Segundo Lück et al. (2011), a democratização da gestão escolar, como parte de um movimento em busca de superação de procedimentos tradicionais, baseados no corporativismo e no clientelismo, tem produzido avanços que denotam “o envolvimento da comunidade escolar na seleção do diretor da escola, a implantação de conselhos escolares que possuem autoridade deliberativa e também poder decisório e o controle por parte da escola de recursos financeiros”19, vertentes básicas que buscam a descentralização e democratização da gestão pública escolar e o consequente aumento da autonomia das escolas. De acordo com Fernandes (2015), a construção da gestão escolar capaz de ultrapassar a dimensão gerencialista da atuação

do diretor, dotando a gestão escolar de mais autonomia e liberdade por parte dos educadores, faz parte do ideário de intelectuais da educação desde 1950, ganhando força com o fim do regime militar em 1985, quando a gestão escolar volta ao debate focando a descentralização das políticas e serviços públicos.

Segundo Zanardini (2006), a reforma da Educação Básica e da gestão escolar, trouxe consigo a necessidade da revisão da perspectiva de organização burocrática e ineficiente sob a qual a escola vinha sendo administrada e tornou urgente a implementação de uma concepção de gestão mais flexível, sensível e capaz de transformar a escola num espaço cuja formação se voltasse para a cidadania e para a convivência em uma sociedade dotada de justiça e igualdade. Assim, surge uma crescente preocupação em torno de reformas administrativas educacionais em conformidade com o conjunto de princípios acordados na Conferência Mundial de Educação Para Todos (Jomtien, Tailândia, 1990) e na Declaração de Nova Délhi (1993), trazendo a gestão da educação, sua democratização e comprometimento da mesma com uma educação pública de qualidade para o centro dos debates.

A abertura política para conquistas educacionais refletiu-se na Constituição Federal de 1988, que incorporou em seus princípios a gestão democrática, institucionalizando práticas de participação e descentralização, levando a transformações no âmbito da organização e gestão das escolas. Logo, a gestão democrática e participativa torna-se um princípio constitucional estabelecido com a promulgação da Constituição Federal de 1988 e regulamentado pela Lei n.º 9.394/96, que estabelece a gestão democrática do ensino público e progressiva autonomia pedagógica e administrativa nas unidades escolares.
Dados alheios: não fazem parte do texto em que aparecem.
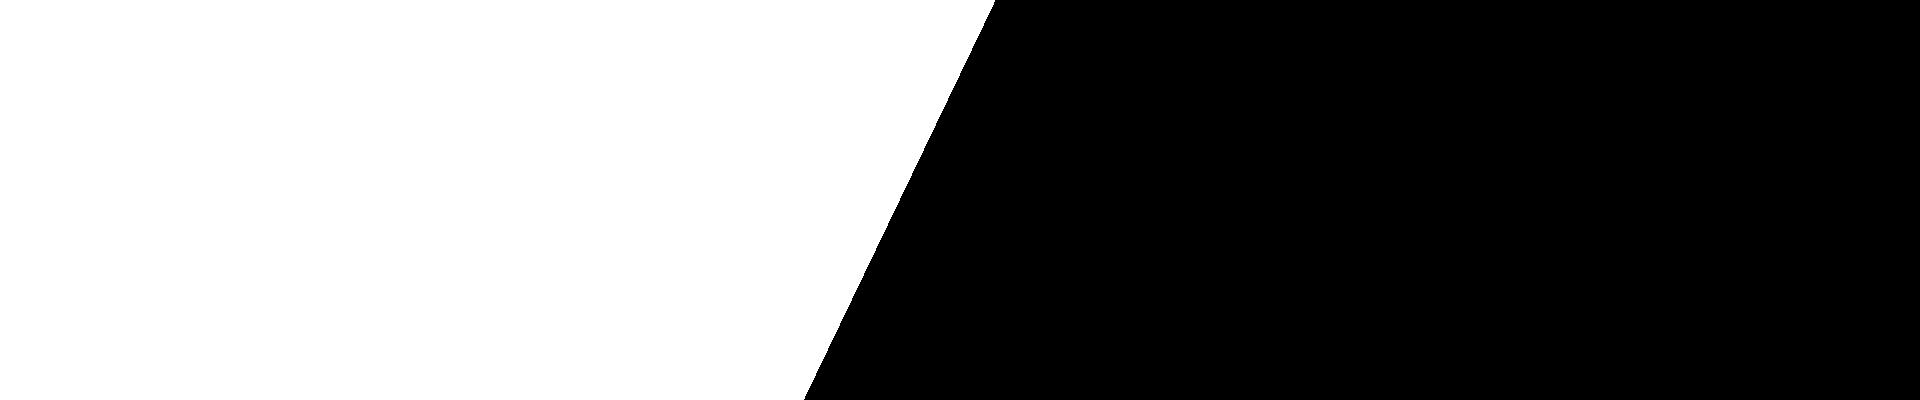 TFT Slider 1 dark 2
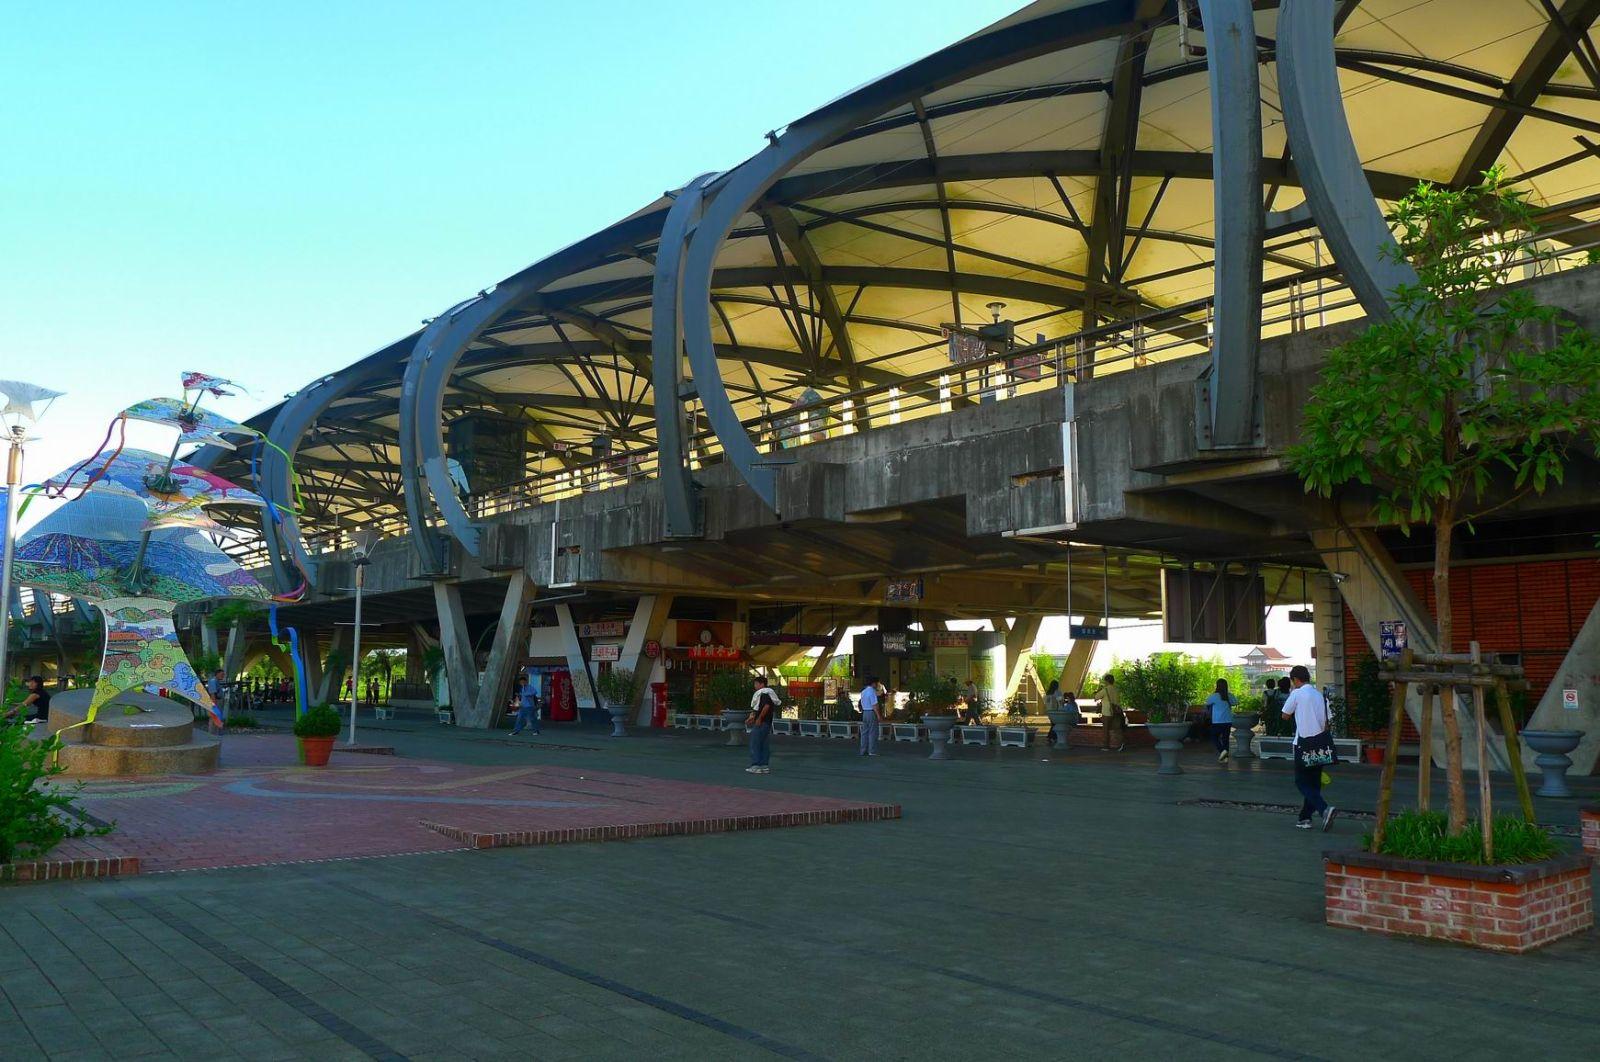 车站设计前卫,现代化,令人耳目一新

No campo educacional, Libâneo et al. (2003) afirmam que os termos gestão e organização constituem o conjunto de normas, diretrizes, estrutura organizacional, ações e procedimentos que visam garantir a escolha racional de meios compatíveis e adequados ao uso de recursos humanos, materiais, financeiros e intelectuais, bem como a coordenação e acompanhamento do trabalho das pessoas que atuam na escola, na busca de objetivos comuns.

Lück (2000) e Krawczyk (1999) apud Fernandes (2015) afirmam que uma escola fortalecida pelas ações em grupo consegue mais poder de negociação junto à secretaria de educação ou órgãos superiores do que o diretor isoladamente. Ao se unirem em prol da formação de um contexto democrático na escola, o diretor e os outros membros da gestão escolar se tornam líderes provocadores de mudanças no contexto dessa escola e são capazes de promover melhorias em várias situações. Portanto, sob o ponto de vista de Paro (2010), a relação democrática no ambiente escolar é condição essencial para a realização de uma educação formadora do cidadão, de personalidades humano-históricas. Relação esta alicerçada

pela ação de um diretor que saiba articular a racionalização do trabalho com a coordenação do esforço humano coletivo.